Wing Luke Asian Museum and Theatre Off Jackson, International District, Seattle, Washington
Wing Luke Asian Museum and Theatre Off Jackson, International District, Seattle, Washington

Wing Luke Museum

museumasian-american-historycivil-rightsseattlehistorical-landmark
4 min read

Wing Luke won his Seattle City Council seat in 1962 by a landslide of 30,000 votes, becoming the first Asian American to hold elected office in the Pacific Northwest and the first person of color on the council. He championed civil rights, pushed through Seattle's Open Housing Ordinance in 1963, and told anyone who would listen that the Chinatown-International District needed a museum to preserve the history of its rapidly changing streets. Then, on May 16, 1965, his small plane disappeared over the Cascade foothills. He was forty years old. The museum he envisioned opened two years later in a storefront on 8th Avenue, built on donations from the friends and supporters who refused to let his idea die with him.

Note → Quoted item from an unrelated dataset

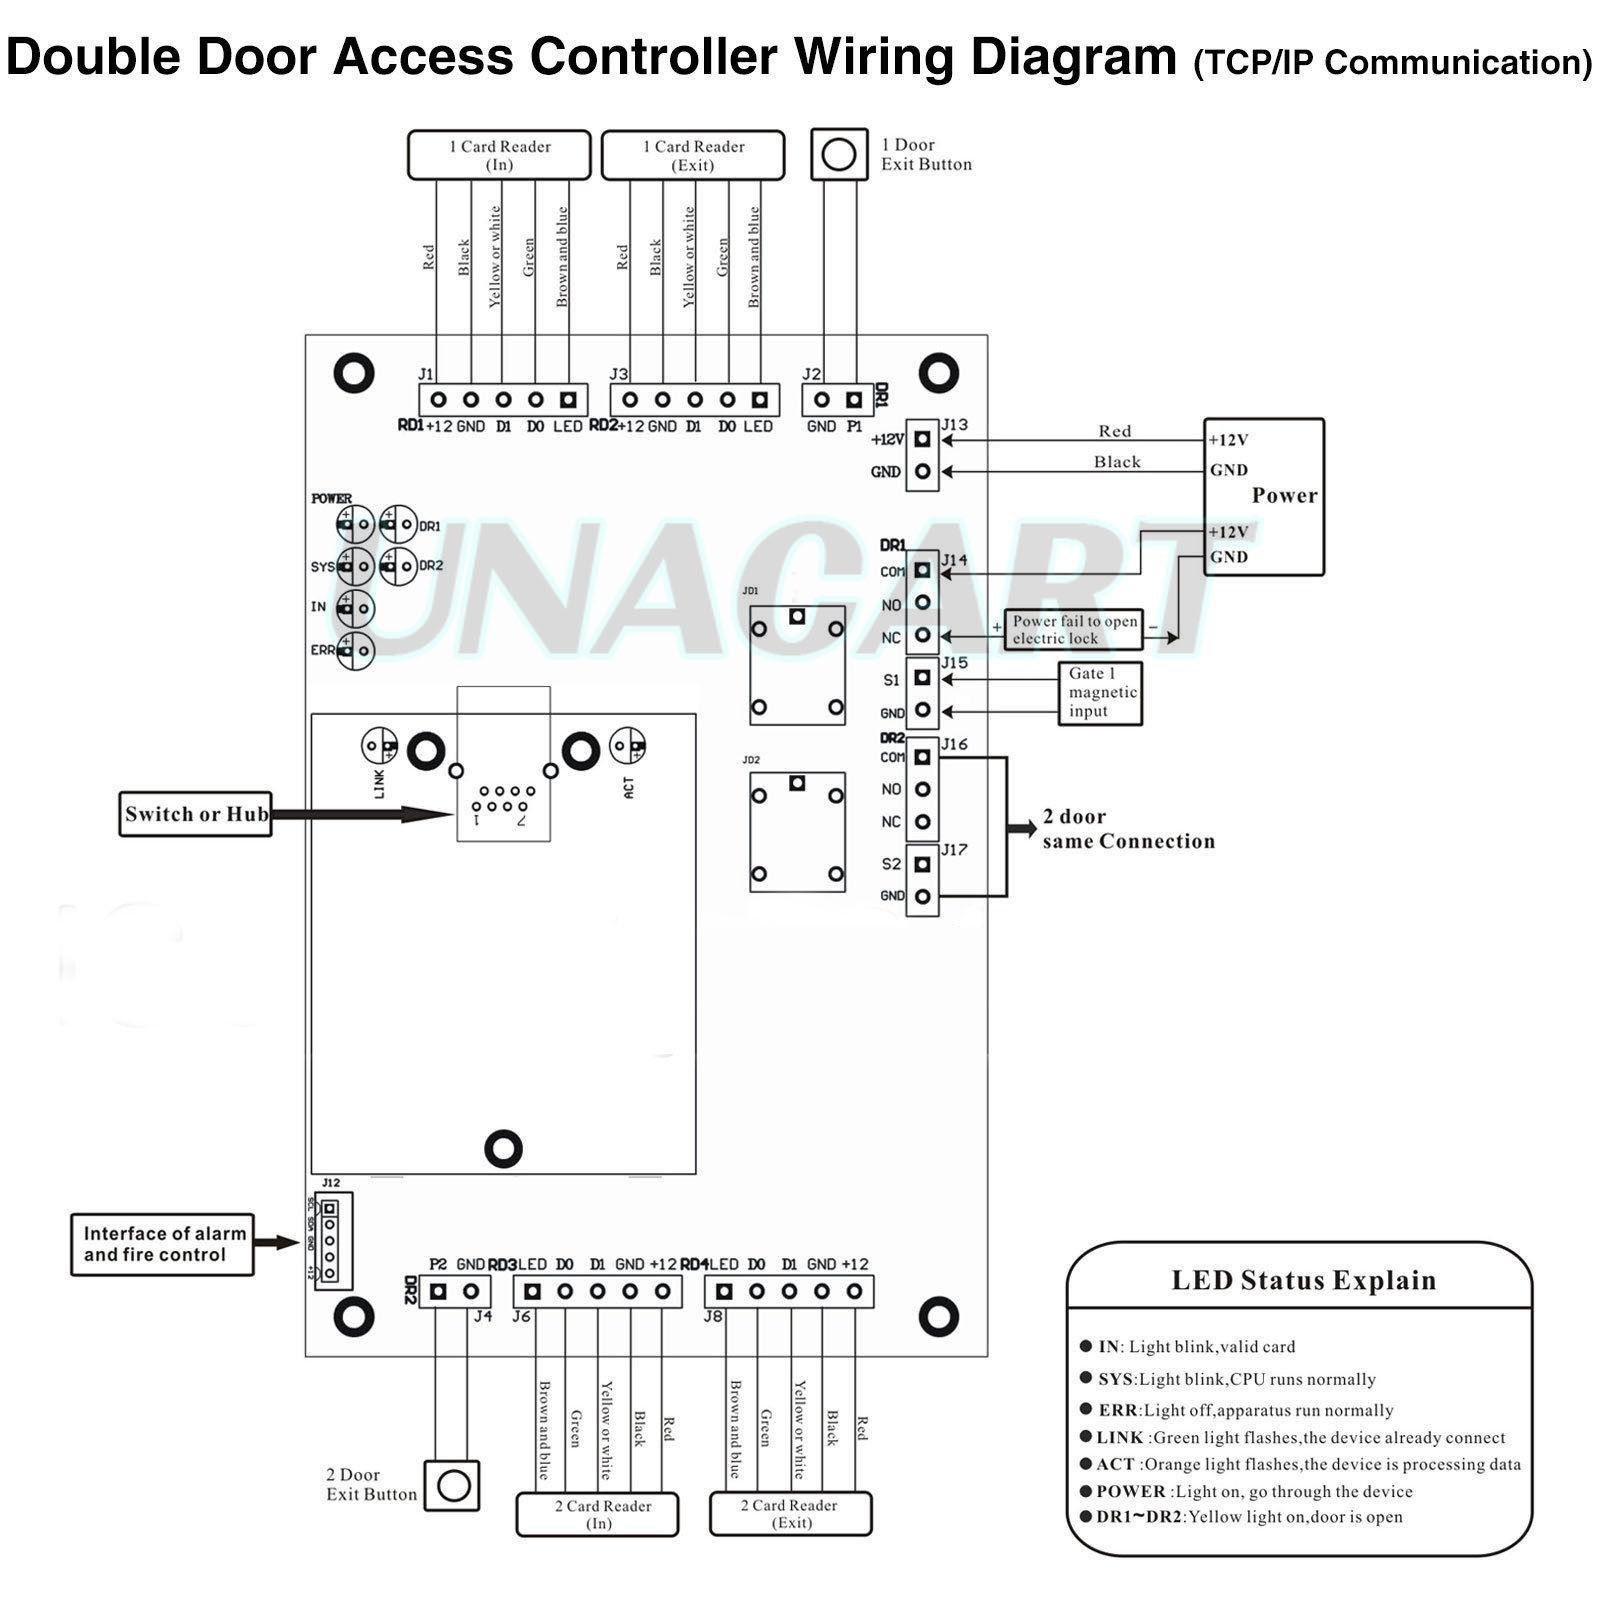 Hid Diagram Rp 40 Schematics Data Wiring Diagrams Fmx Transmission Xs650 Chopper Harness 1973 Tci Transmissions Api Rp40

A Storefront on 8th Avenue

The Wing Luke Memorial Museum, as it was first named, opened in 1967 with a focus on Asian folk art. It was small and specific, a neighborhood institution in a neighborhood that knew what it meant to be overlooked. But the collection soon outgrew its original scope. By the 1980s, community volunteers were building pan-Asian exhibits that reflected the full diversity of the district -- Chinese, Japanese, Filipino, Vietnamese, Korean, and more, over 26 ethnic groups in total. In 1987 the museum moved to larger quarters on 7th Avenue and updated its name to Wing Luke Asian Museum. Under the direction of local journalist Ron Chew in the 1990s, the museum pioneered a community-based exhibition model that placed personal stories at the center of every display. Community Advisory Committees guided each exhibit from concept to installation, a process that could take 12 to 18 months. In 1995 the model earned the museum the Institute for Museum and Library Services National Award for Museum Service.

Inside the Kong Yick Building

In 2008 the museum moved into its current home at 719 South King Street, the renovated 1910 East Kong Yick Building. The building itself is an artifact. It was funded by 170 Chinese immigrants who pooled their resources to construct it, along with its companion, the West Kong Yick Building. The East Kong Yick housed storefronts at street level and the Freeman Hotel above, where Chinese, Japanese, and Filipino immigrants lived until the 1940s. Today the museum's galleries share the structure with preserved and recreated spaces: the Gee How Oak Tin Association's meeting room, cramped hotel kitchens, a Canton Alley family apartment, and the Yick Fung Mercantile, a general store whose owner donated its entire contents. Walking through these rooms is less like visiting a museum and more like stepping through a wall into a parallel century.

Canton Alley and the Neighborhood Beyond

The museum sits next to Canton Alley in Seattle's Chinatown-International District, a narrow passage that was once the residential, commercial, and communal heart of the Chinese American community. Since 1985, the Wing has run Chinatown Discovery Tours, taking visitors through the neighborhood's significant sites and living history. In 2010 the museum adopted its full current name -- the Wing Luke Museum of the Asian Pacific American Experience -- though most people simply call it The Wing. Three years later, it was recognized as one of two dozen affiliated areas of the U.S. National Park Service, and it remains a Smithsonian Institution affiliate and the only pan-Asian Pacific American community-based museum in the country. The oral history lab inside the building captures stories from new arrivals and longtime residents alike, adding voices to a collection that grows with every generation.

Windows Broken and Rebuilt

On September 14, 2023, nine of the museum's windows along Canton Alley were destroyed in what authorities described as a racially motivated crime. The Washington State Department of Commerce and the City of Seattle responded with financial donations, and the broken panes were replaced with a decorative mural that turned damage into declaration. It was not the first time the museum had absorbed a blow and come back stronger. Wing Luke himself understood that resilience was the story -- he had immigrated from China as a child, worked his way through law school, and fought housing discrimination from a council chamber where no one who looked like him had ever sat. The museum that carries his name continues that pattern: community-funded, community-directed, community-defended.

From the Air

Located at 47.598°N, 122.323°W in Seattle's Chinatown-International District, just south of downtown. The museum is in the dense urban grid south of Pioneer Square and east of the stadiums (Lumen Field and T-Mobile Park). Boeing Field (KBFI) lies approximately 3nm to the south; Seattle-Tacoma International (KSEA) is about 10nm south-southwest. The Chinatown-International District is identifiable by its position between the elevated rail lines and the I-5/I-90 interchange. Best viewed at lower altitudes where the historic neighborhood's compact blocks contrast with the larger commercial structures to the north and the industrial district to the south.